#### Input data

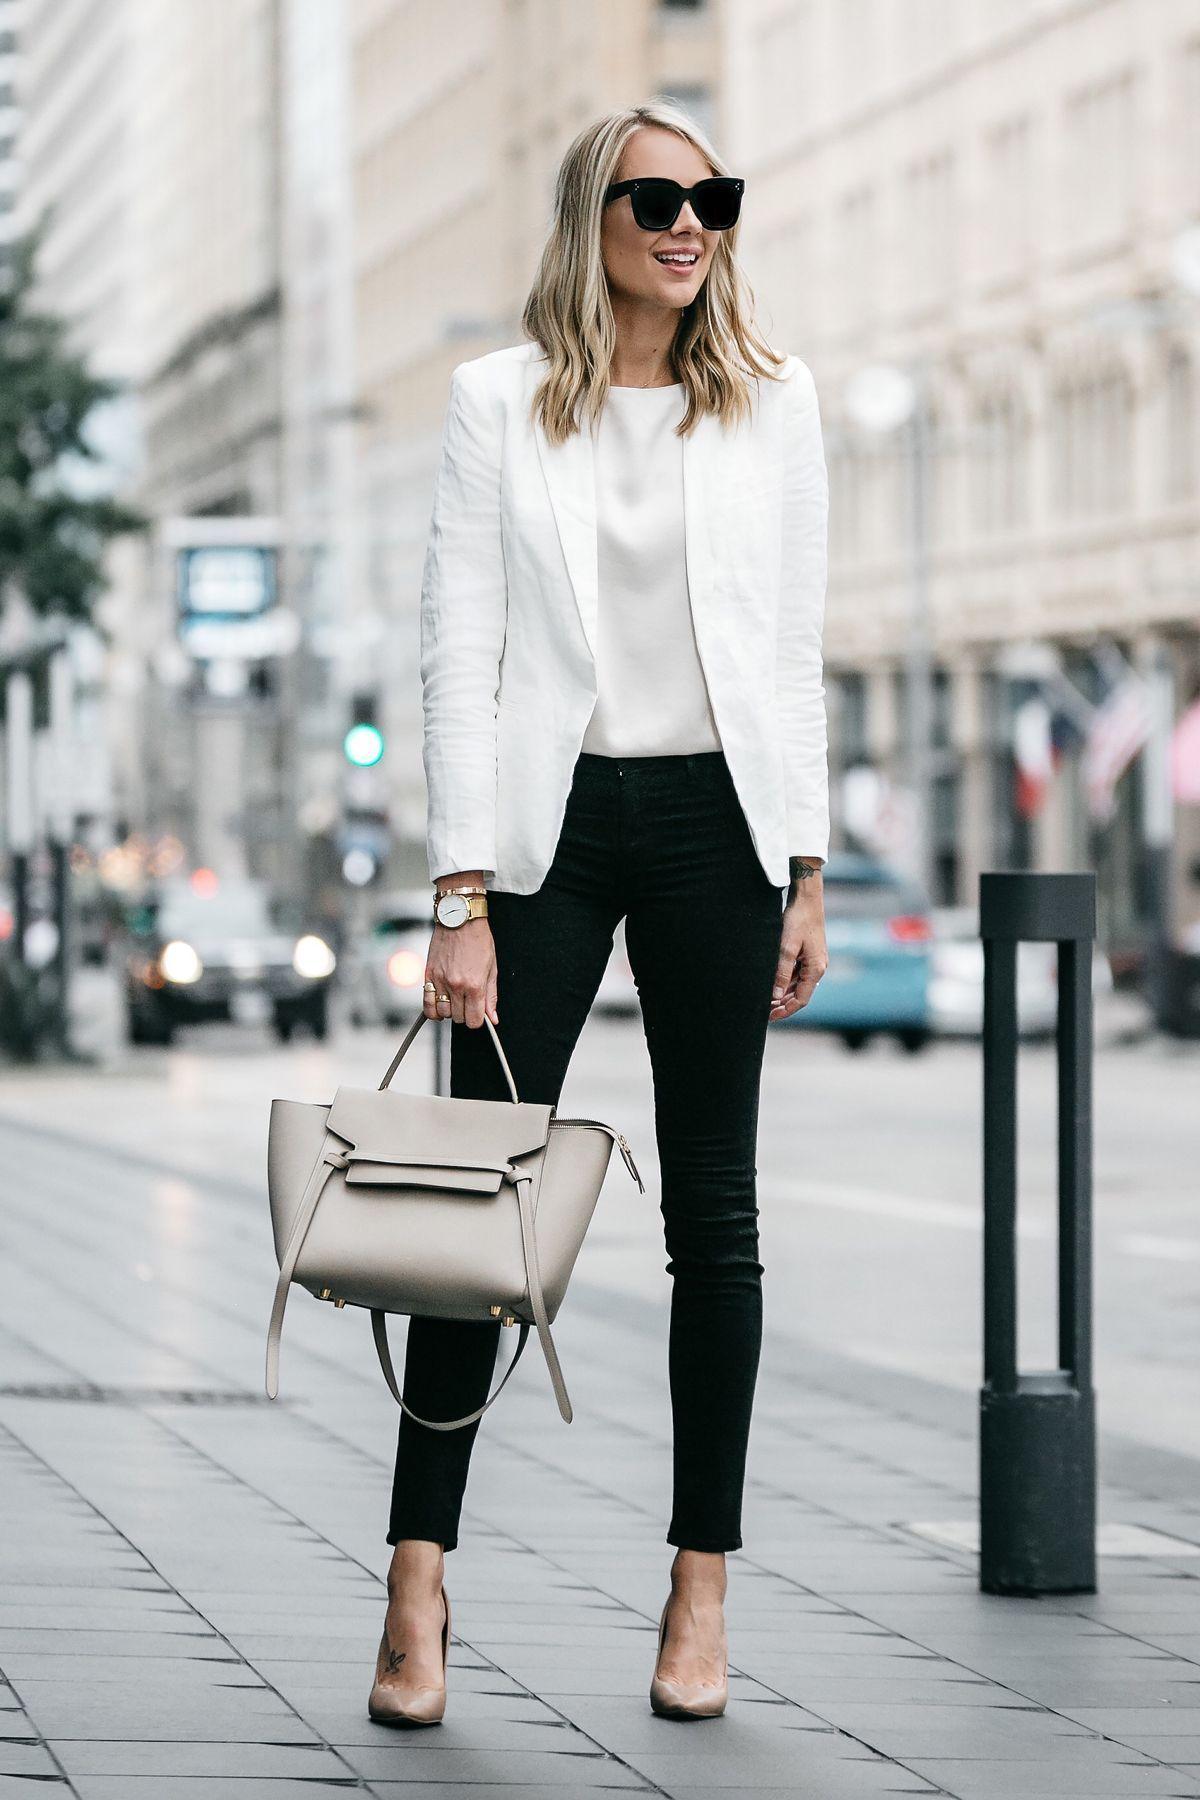 Ropa para mujer joven elegante
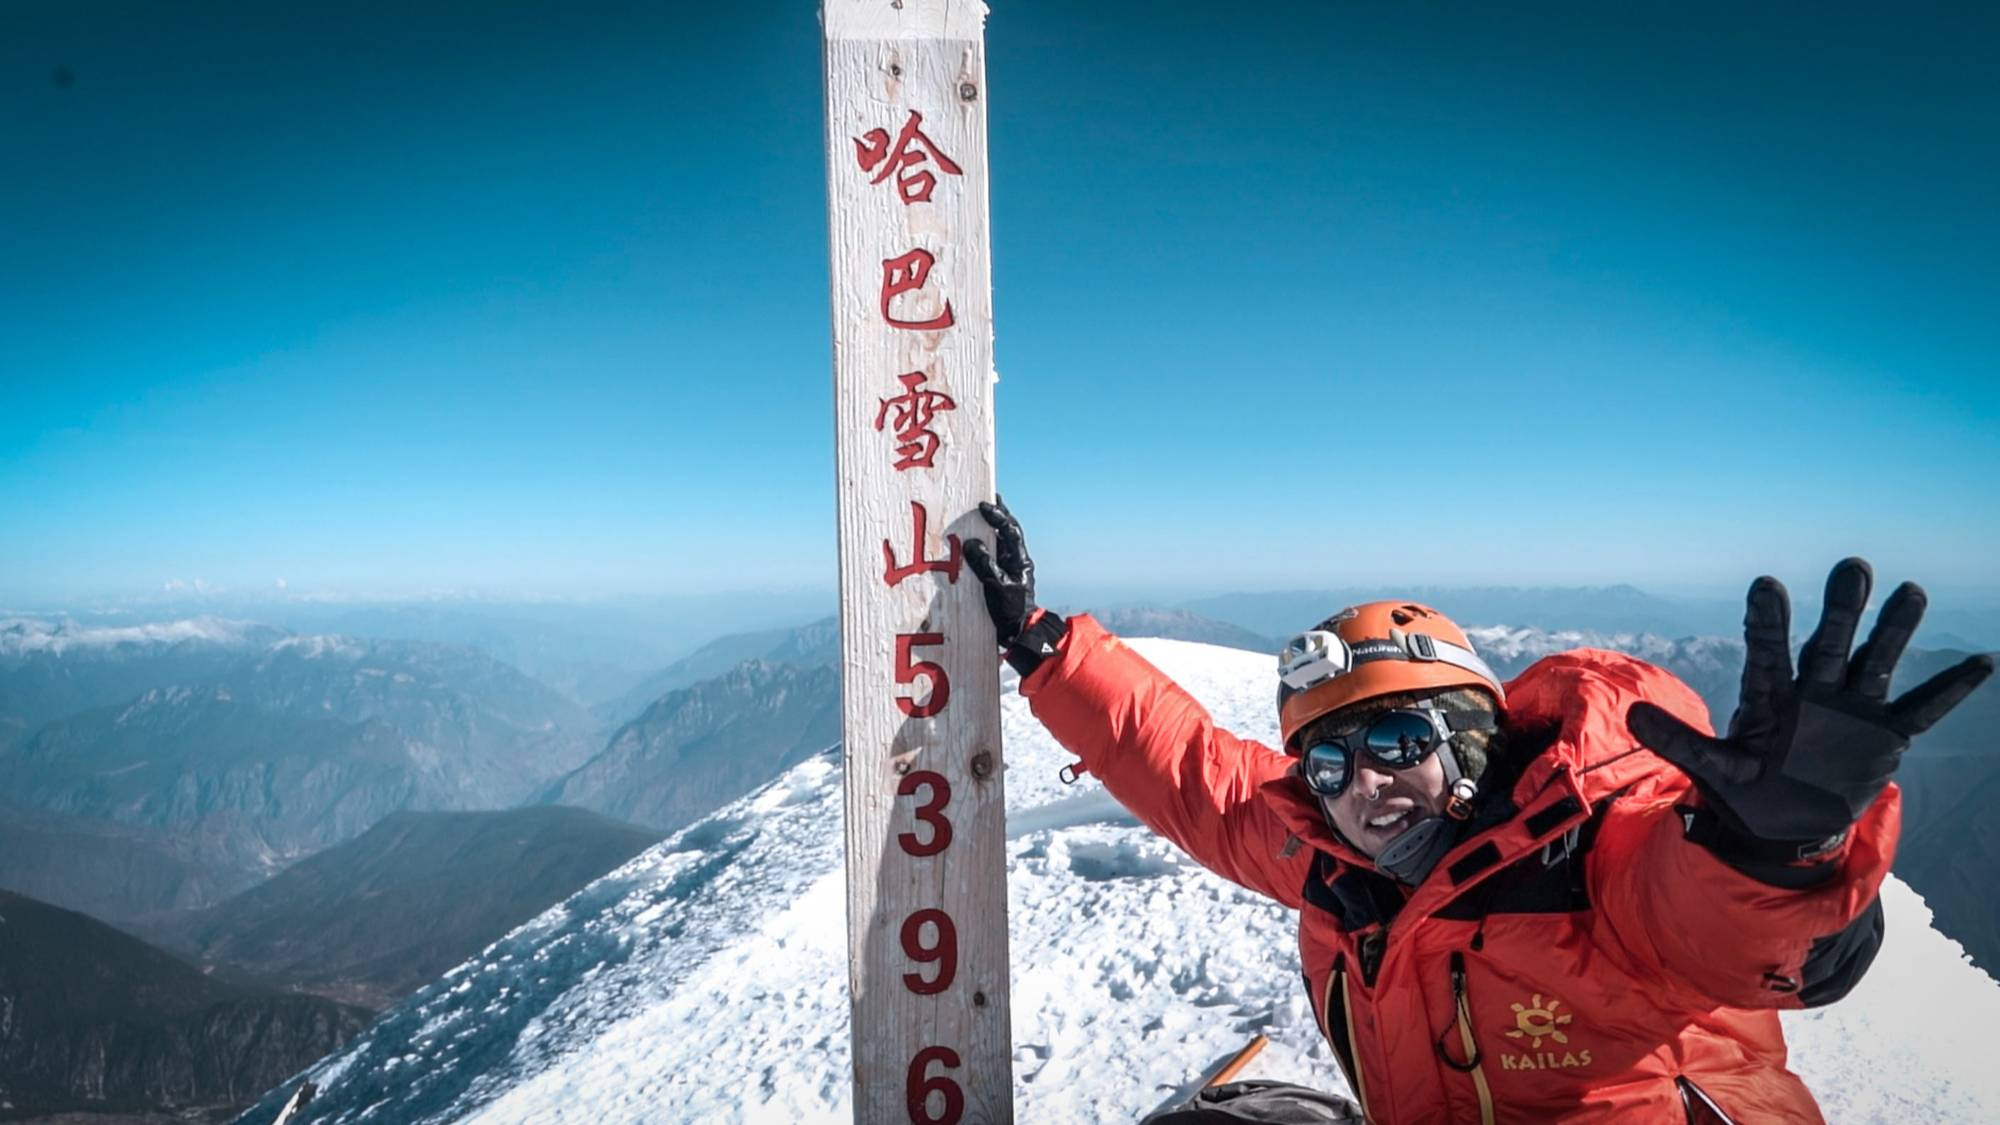 【A站首发】探寻高原秘境 | 攀登向前,登顶哈巴雪山!
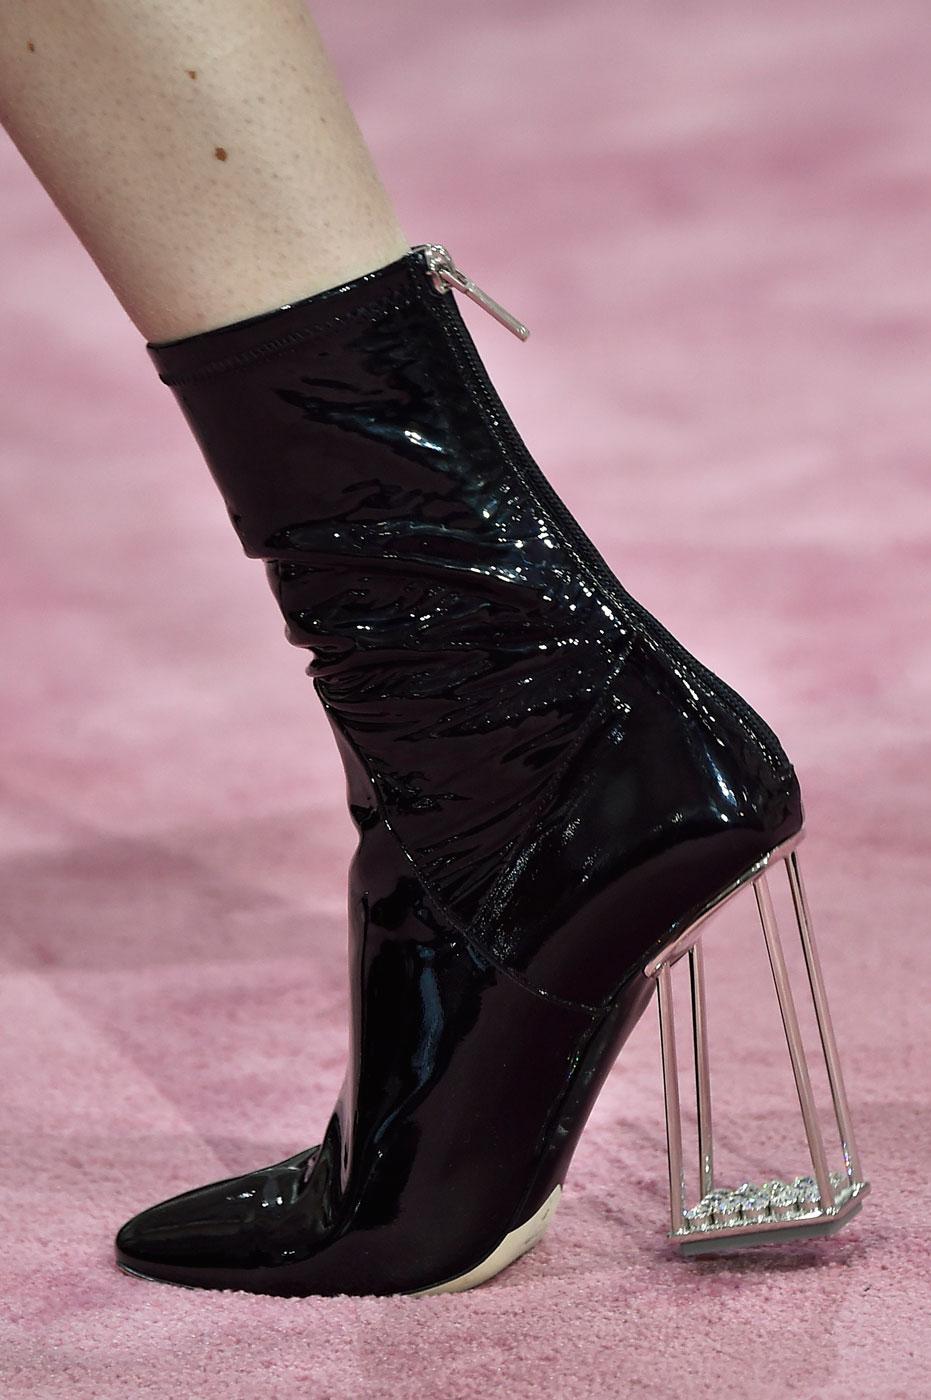 Christian-Dior-fashion-runway-show-close-ups-haute-couture-paris-spring-summer-2015-the-impression-032

########

### Work request
Transcribe the data completely. No pictures should appear in the transcription.

### Answer for the task
 Ropa para mujer joven elegante
 【A站首发】探寻高原秘境 | 攀登向前,登顶哈巴雪山!
 Christian-Dior-fashion-runway-show-close-ups-haute-couture-paris-spring-summer-2015-the-impression-032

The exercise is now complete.